--- START ---
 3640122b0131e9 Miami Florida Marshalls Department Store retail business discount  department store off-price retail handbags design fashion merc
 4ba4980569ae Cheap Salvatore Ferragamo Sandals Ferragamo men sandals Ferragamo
--- END ---
--- START ---
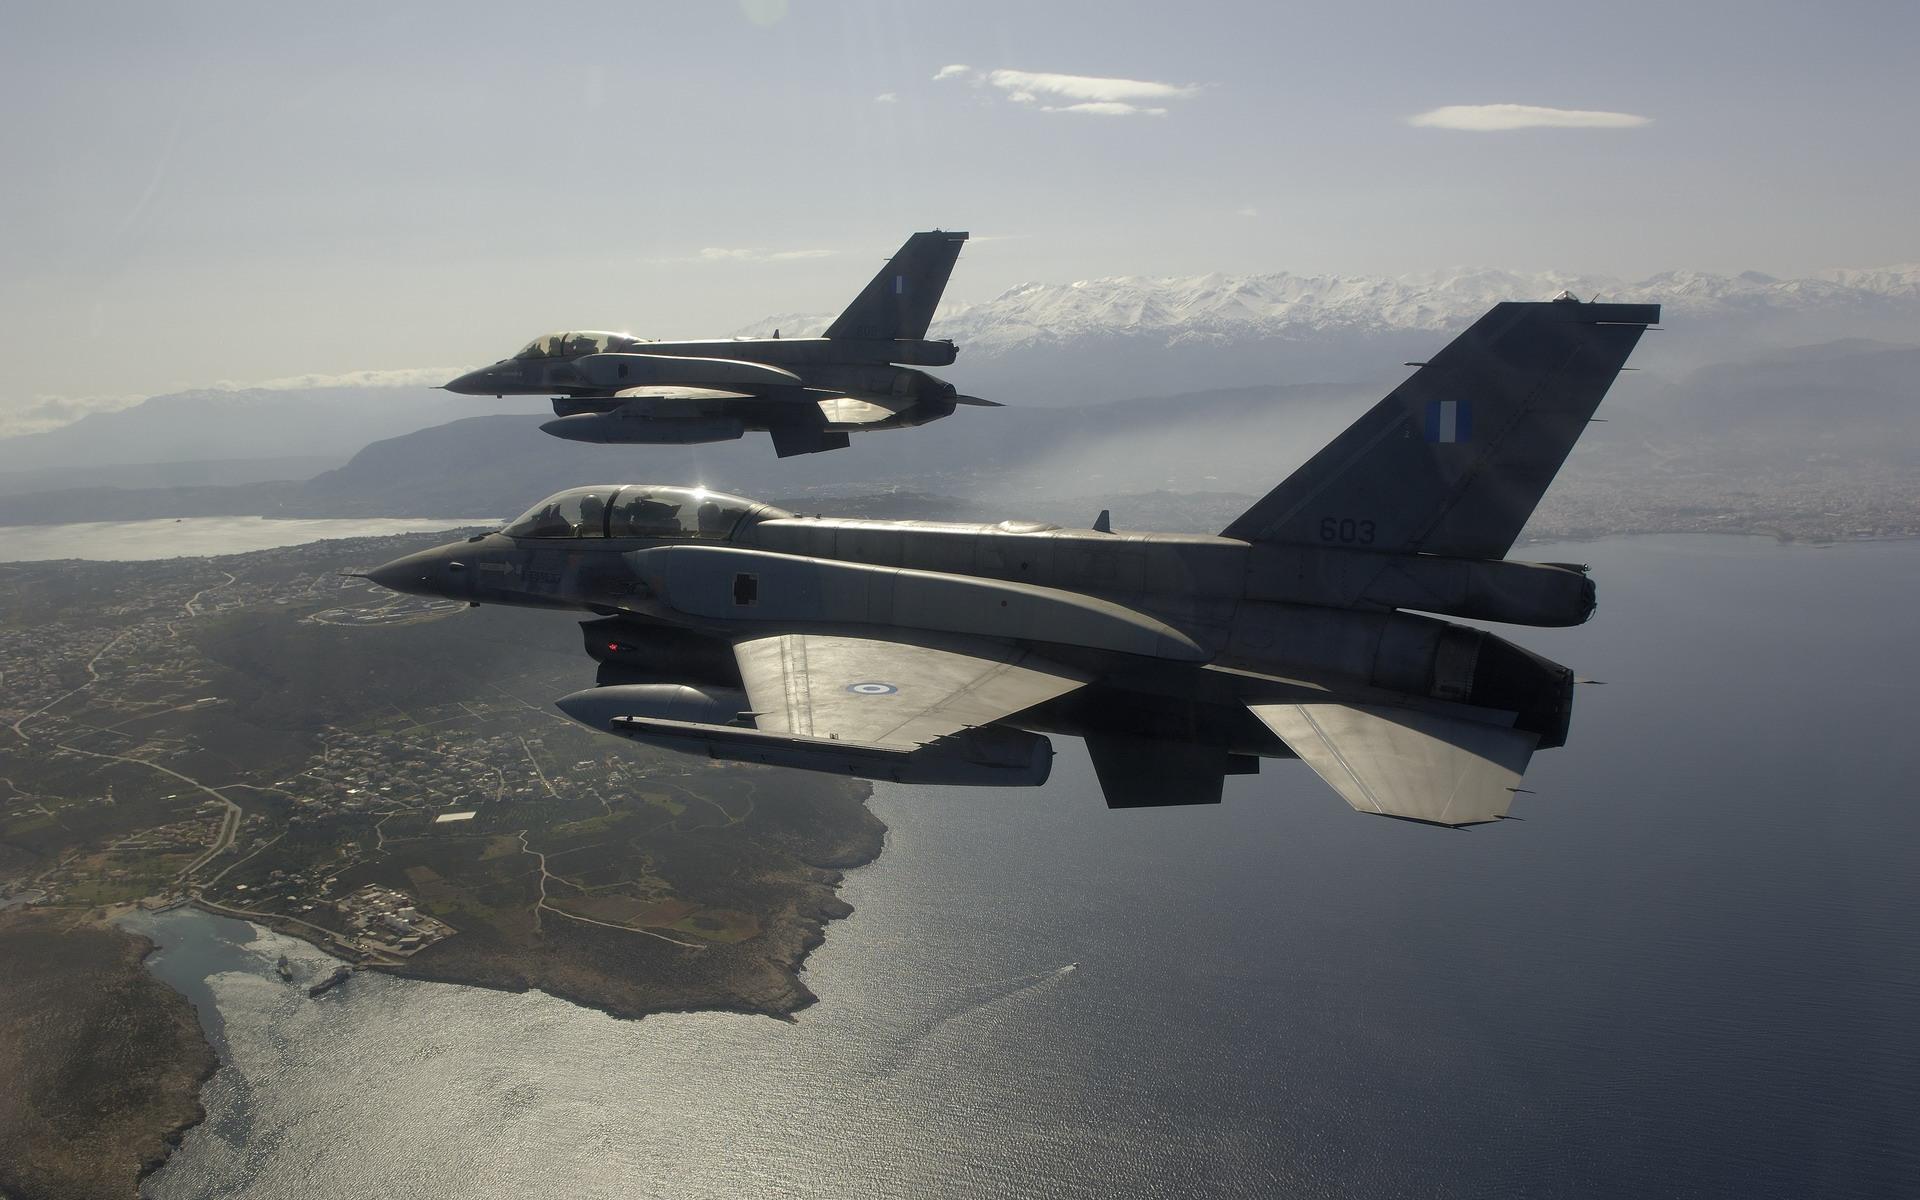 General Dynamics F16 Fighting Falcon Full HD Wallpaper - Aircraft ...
--- END ---
## WORK REQUEST:
Begin at the line above that has "3640122b0131e9 Miami Florida" and stop after the line that has "4ba4980569ae Cheap Salvatore", copying each line exactly and adding nothing else.

## EXPECTED ANSWER:
 3640122b0131e9 Miami Florida Marshalls Department Store retail business discount  department store off-price retail handbags design fashion merc
 4ba4980569ae Cheap Salvatore Ferragamo Sandals Ferragamo men sandals Ferragamo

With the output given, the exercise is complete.